Nice thread for me to come back...!!!!!!!

Well, I am using Globe 7 for last 30 days. And saved thousands of bucks, its fine service, a lil lag while calling on cell but rest are fine.

Regarding legal or illegal, well, its is Legal until you don't misuse it. I guess some guys want to make sure b4 misusing it, so beware it can also be traced, just in case of serious crime.


----------



## Ishan (Jul 1, 2006)

Hey..it says 100 mins....but actually it gives $1 account and the money will be used according to call rates...see on the sites...in india it costs more than calling in USA....I am using globe since *8-10 months*


----------



## plsoft (Jul 2, 2006)

Yup Ishan u r rite it's $1 a/c. I just installed after reading this thread. I have a 128 kbps airtel connection, called my bros cell phone n i noticed dat the voice reaches late in the receiving end. Moreover, my father cautioned me the ISP's might charge for the service (just being cautious). Is there any way they can do dat?


----------



## Ishan (Jul 2, 2006)

@plsoft
No, the ISP's are charging nothing for that..and not even the recievers are charged anything for the calls..I have tested everything...and am using it since long...ALso happy with it..

And abt delay...KUCH PANE KE LIYE KUCH KHONA PADTA HAI...
Ya..and solve this prob I tell the recievers in the beginning only to wait for my voice..and then reply...

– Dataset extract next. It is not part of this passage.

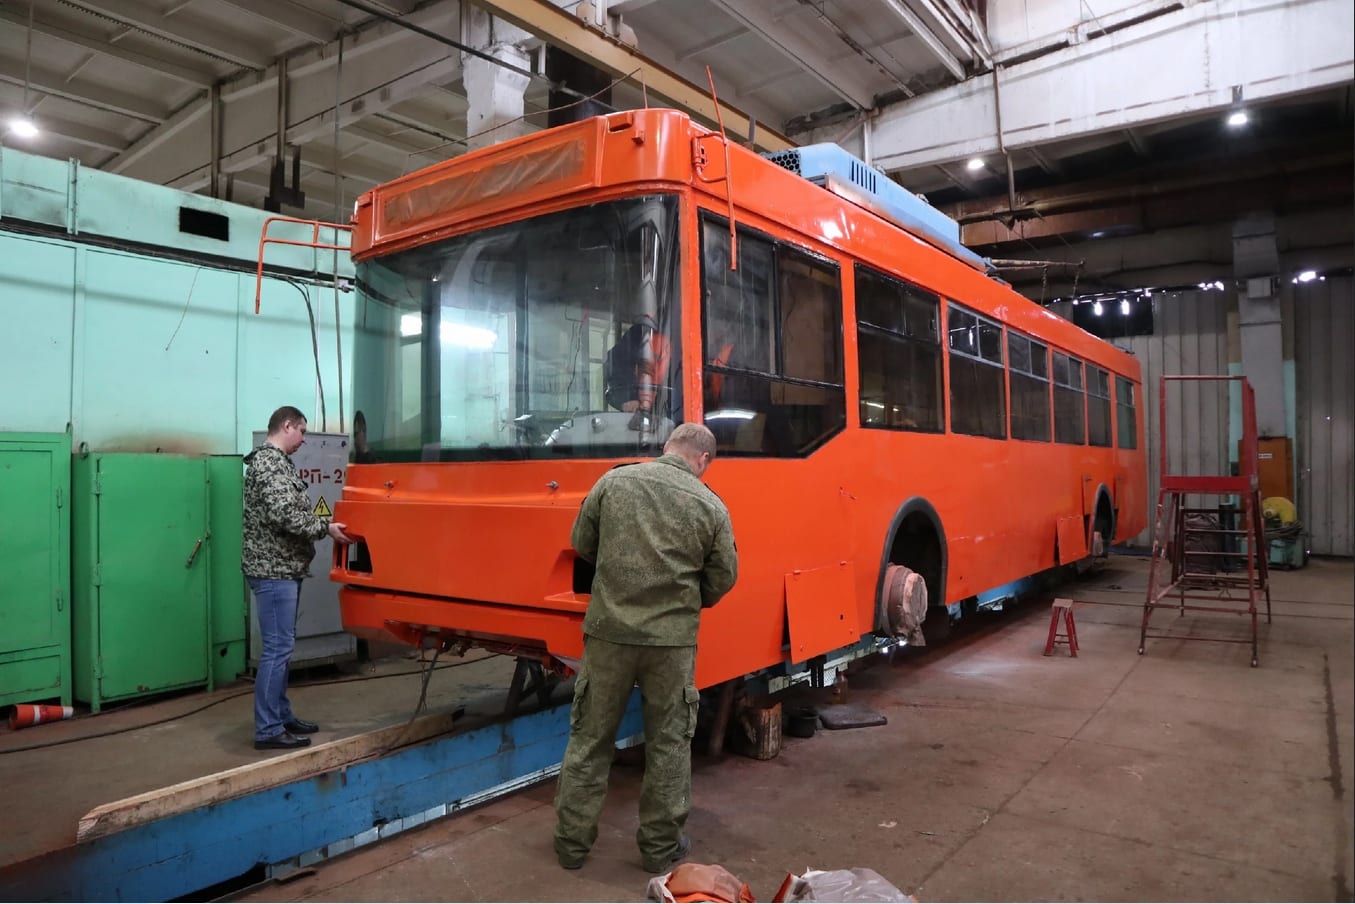 Ярко-оранжевый московский троллейбус отправился в первый рейс по Костроме 17 февраля

Those who know this already..and and are quite..cool and understanding can nicely talk to me...else make a mess..But after all it is free na...who bothors abt time..Keep calm and complete ur wrk on phone...

But 1 ADVICE...
If u have some imp work like calling some higher authorities of any institutes or colleges or ur boss....then it would be better to call them thru ur phone...as it may annoy them.Enjoy!


----------



## PrinceHeart (Jul 2, 2006)

What's the matter with indian government. Anything which is not Indian is illegal here in India. Same like Gandhiji's theory. Quit bristish cloths. wow !!

US guys are using these types of VOIP everyday for free, each day/week/month and year even. India is said to be a developing country. But i really doubt if india is developing at all. Lots of indian guys are going out, cause indian is worst when it comes to tech stuffs/jobs/softwares/hardwards and so.. on, the list is too long for me to type. Well u guys know what im trying to say. And about the indian government, I don't know what they are trying to control - The indian population or they are scared that the indian ppl are getting more and more wiser everyday, not like those village ppl many years ago.

Well.. after my exams this month, maybe i will try to make my own VOIP/messenger program. Anyone willing to help ? Can't be that hard right ?


----------



## indian_blues (Jul 3, 2006)

what are the illegal things can be done with globe7?

is there is anyway i can get unlimited 1$ account?


----------



## icecoolz (Jul 3, 2006)

indian_blues: Why do you want to know that info ? Sounds extremely suspicious to me. Provide the reasoning for such a question please.


----------



## indian_blues (Jul 7, 2006)

oops sorry i should framed that ques in different way. dude i need lots of 1$ account to talk to a special friend who is in abroad...thats y i asked that. damn who cares to do illegal things with globe7. if u can help regarding this do pm me. cheers mate.


----------



## Prashad (Sep 21, 2006)

I have been using globe for a long time i never ever thought about legality.
It is working well .it means its legal!!!!!!


----------



## Ishan (Sep 21, 2006)

I think it has stopped providing us with free 1 dollar


----------